Zbigniew Rokita: Procesy norymberskie były pierwszym przypadkiem w dziejach, gdy ci, którzy przegrali wojnę, stanęli przed sądem. Czy po pierwszej wojnie światowej nie snuto podobnych planów?

Piotr M. Majewski: Owszem, w 1918 roku rozważano postawienie przed sądem kajzera Wilhelma II Hohenzollerna i niemieckich władz cywilno-wojskowych. Ostatecznie mocarstwa Entanty  na to jednak się nie zdecydowały – przede wszystkim dlatego, że trudno byłoby udowodnić wyłączną winę Berlina.

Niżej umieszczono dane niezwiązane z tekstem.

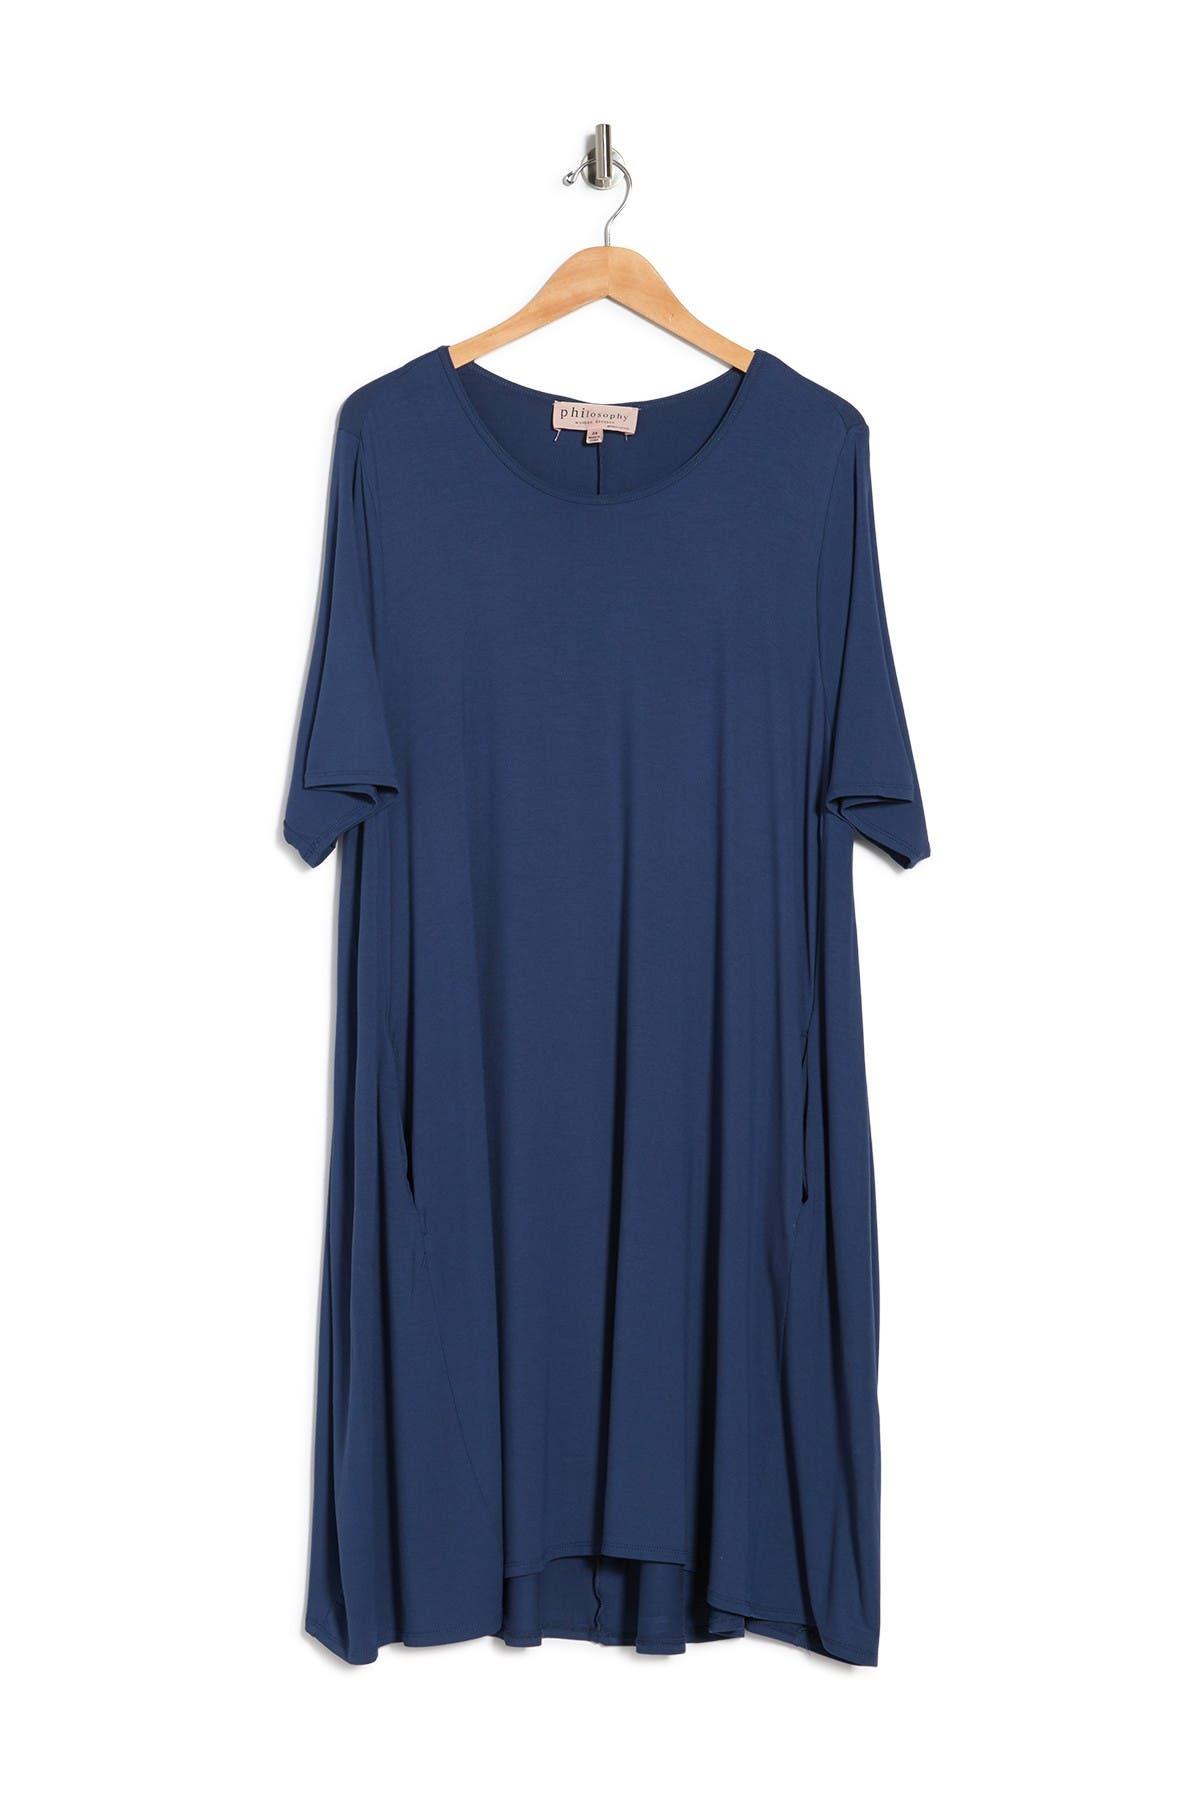 Image of Philosophy Apparel Elbow Sleeve Knit Swing Dress
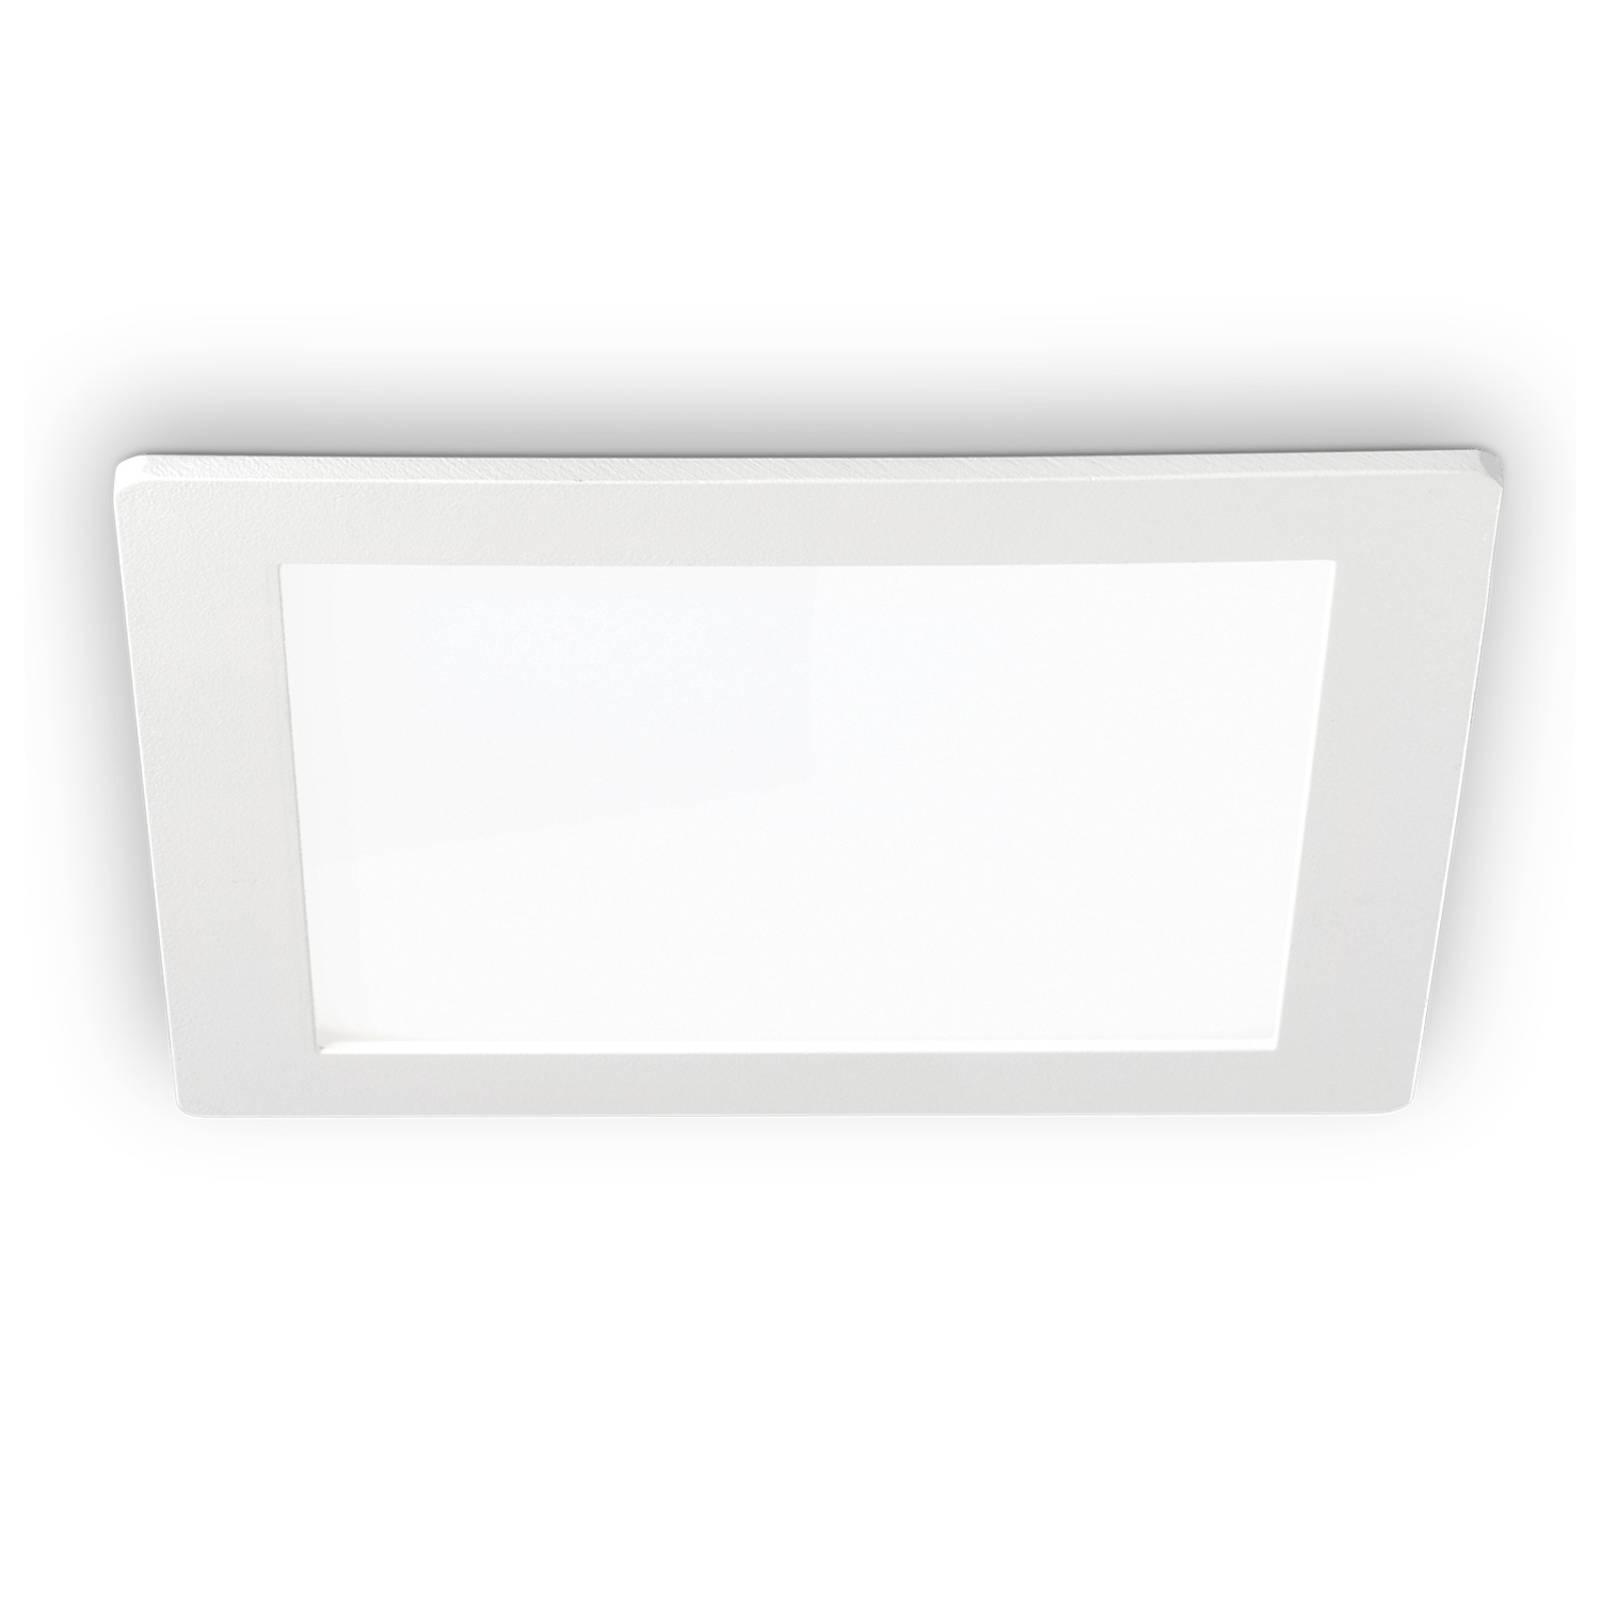 LED-kattouppovalaisin Groove square 22,7 x 22,7 cm

W społeczeństwach francuskim, brytyjskim czy amerykańskim powszechnie uważano, że to państwa centralne odpowiadały za wybuch wojny, ale rządy zdawały sobie sprawę, iż było to bardziej złożone. Wszak to nie Niemcy wypowiedziały wojnę jako pierwsze. Wilhelm abdykował i uciekł do Holandii, taki trybunał nigdy nie powstał, co sprawiło, że powołany po kolejnym światowym konflikcie trybunał norymberski miał charakter precedensowy. Po raz pierwszy sądzono pokonanych.

Dlaczego więc w 1945 roku zwycięzcy postąpili inaczej niż dotychczas w historii?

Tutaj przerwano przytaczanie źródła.